Black and White Chocolate Marble Cheesecake
By: Josephine BaconServes: 10
I wrote a book about cheesecakes several years ago and hope to write another soon. I was struck by the fact that so many cookery books devoted entirely to cheesecakes basically give the same recipe throughout; all that changes are the toppings, type of biscuit base, etc. My cheesecakes are all made using a different method. I came to the conclusion that curd or cream cheese are simply vehicles for changing the texture of a cake.
Most of my current work is in translating recipes from French, German and American English into British English and from British to American English through my company, American Pie (www.americanization.com), which specialises in cookery translation into English from any language and the americanization/anglicisation of food-related material.
Taken from The French Market by Joanne Harris & Fran Warde, Doubleday, 2005.
FOR THE BASE:
75g/3 oz plain flour
2 tbsp unsweetened cocoa powder
50 g/1 oz icing sugar
50 g/2 oz softened butter
1 egg yolk
2 tbsp strong black coffee
FOR THE FILLING
675g/1½ lb cream cheese (full or half-fat) at room temperature
175g/6 oz caster sugar
3 tbsp plain flour
2 tbsp kirsch
1 tsp vanilla essence
pinch of salt
100g/4 oz dark chocolate
100 g/4 oz white chocolate
- Preheat the oven to 180°C/350°F/Gas mark 4. To make the base, sift the flour, cocoa powder and icing sugar into a bowl. Beat in the butter, egg yolk and coffee and continue beating until the mixture is smooth. Roll it out on a piece of non-stick baking paper cut to fit a 25 cm/9 inch springform tin. Bake the base for 10 minutes while you grease the sides of the springform pan and make the filling.
- To make the filling, beat the cheese until fluffy. Beat in the sugar, flour, kirsch and vanilla. Add the eggs and a pinch of salt, beating until well blended.
- Measure out 250ml/8 fl oz of the mixture into a small bowl. Melt the plain chocolate and stir it into this reserved mixture, blend well.
- Melt the white chocolate and beat it into the larger portion of mixture. Carefully spoon alternate layers of white and brown mixtures over the base, finishing with the white mixture. Lightly draw a palette knife over the top of the cake to obtain a marbled effect.

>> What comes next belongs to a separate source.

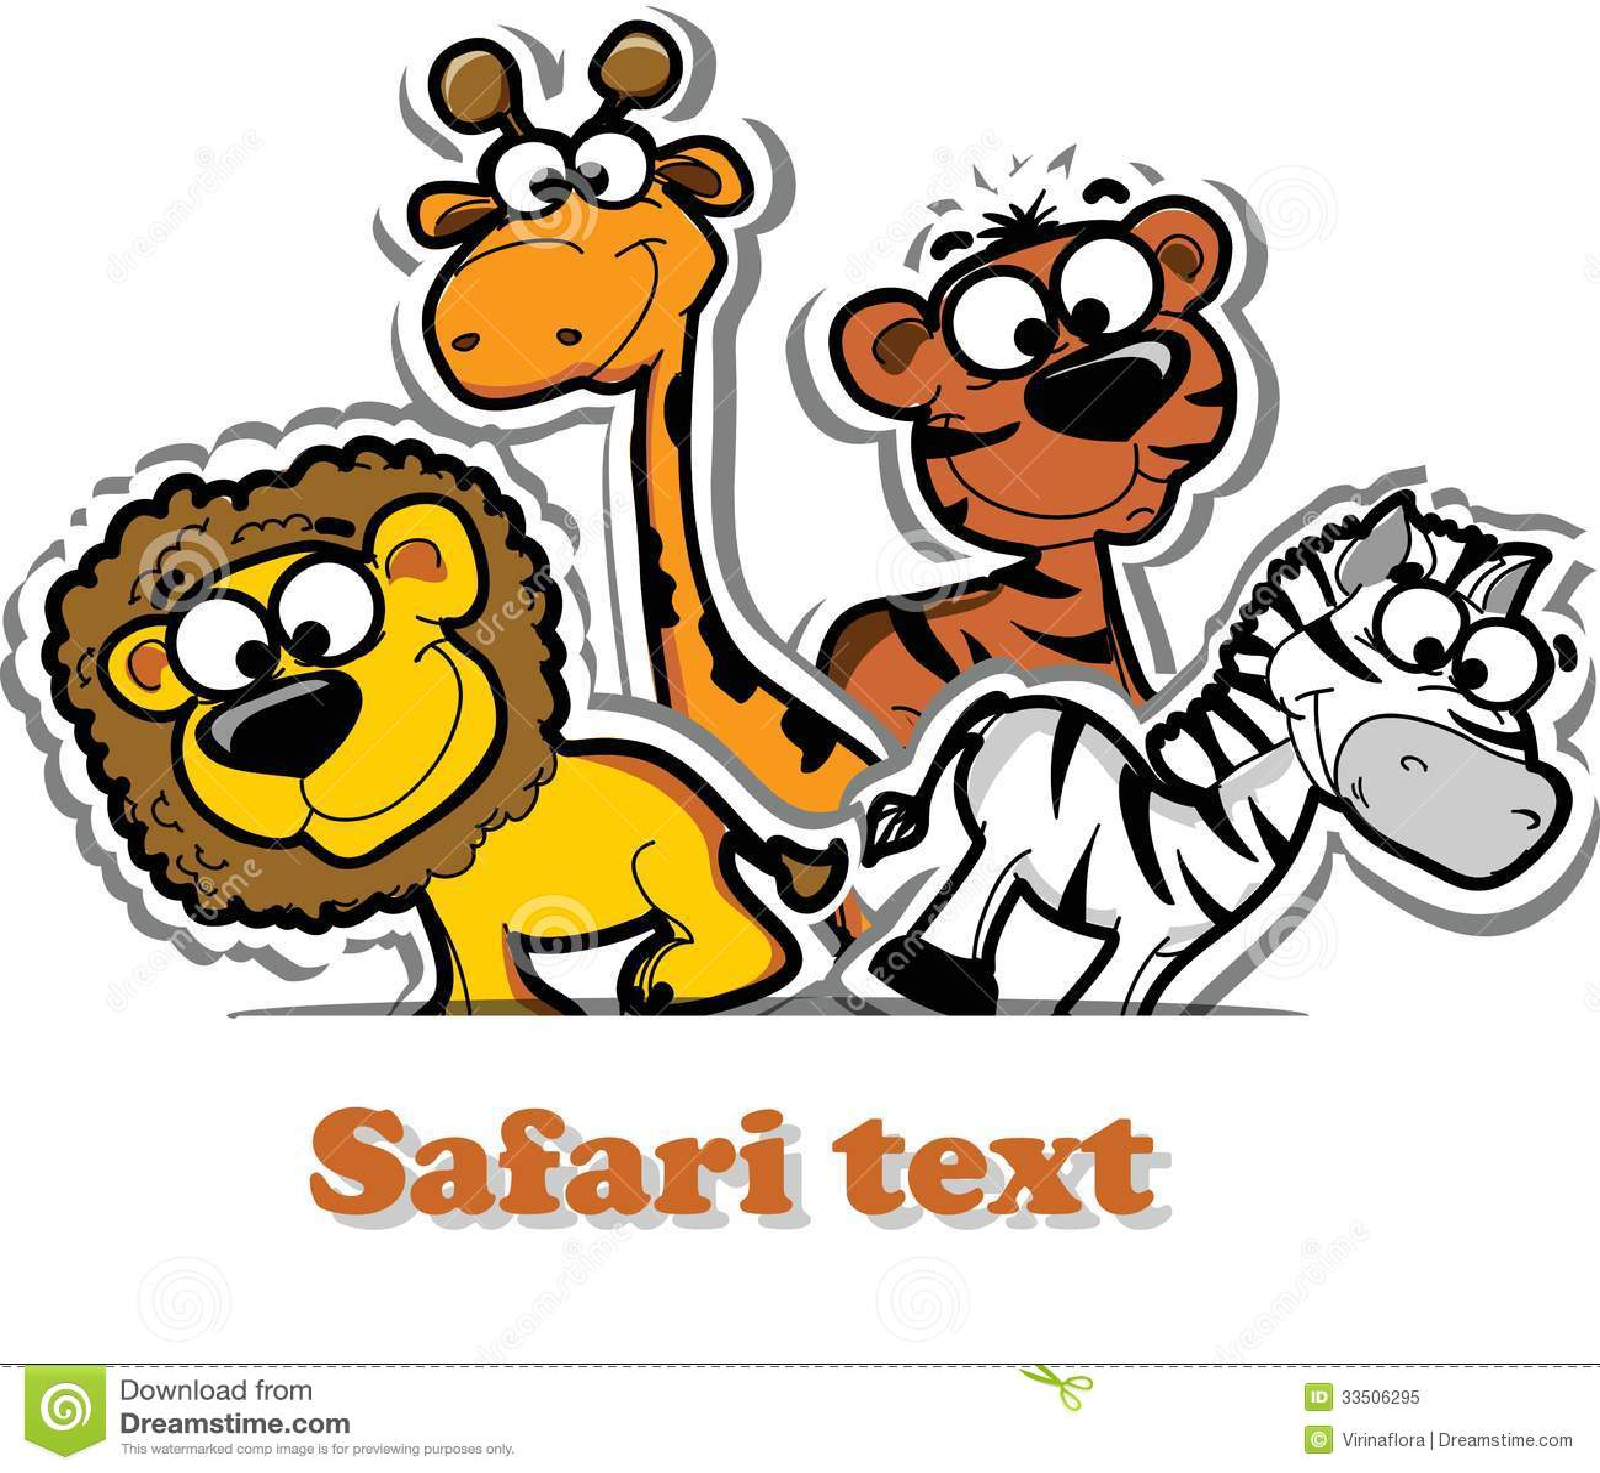 With Cute Safari Animal Vector Illustration Picture

- Bake the cake in a preheated 230°C/250°F/Gas mark 8 oven for 10 minutes to set the top. Then reduce the heat to very low (120°C/250°F/Gas 1/2) and bake for another 30 minutes. Let the cake cook in the oven for 15 minutes, then wedge the oven door open with a wooden spoon and let it cool for 30 minutes.
- Loosen the rim of the tin and let the cake cool completely before refrigerating, but do not remove the rim until the cake is to be served. It will lift off easily from the base due to the non-stick baking paper lining.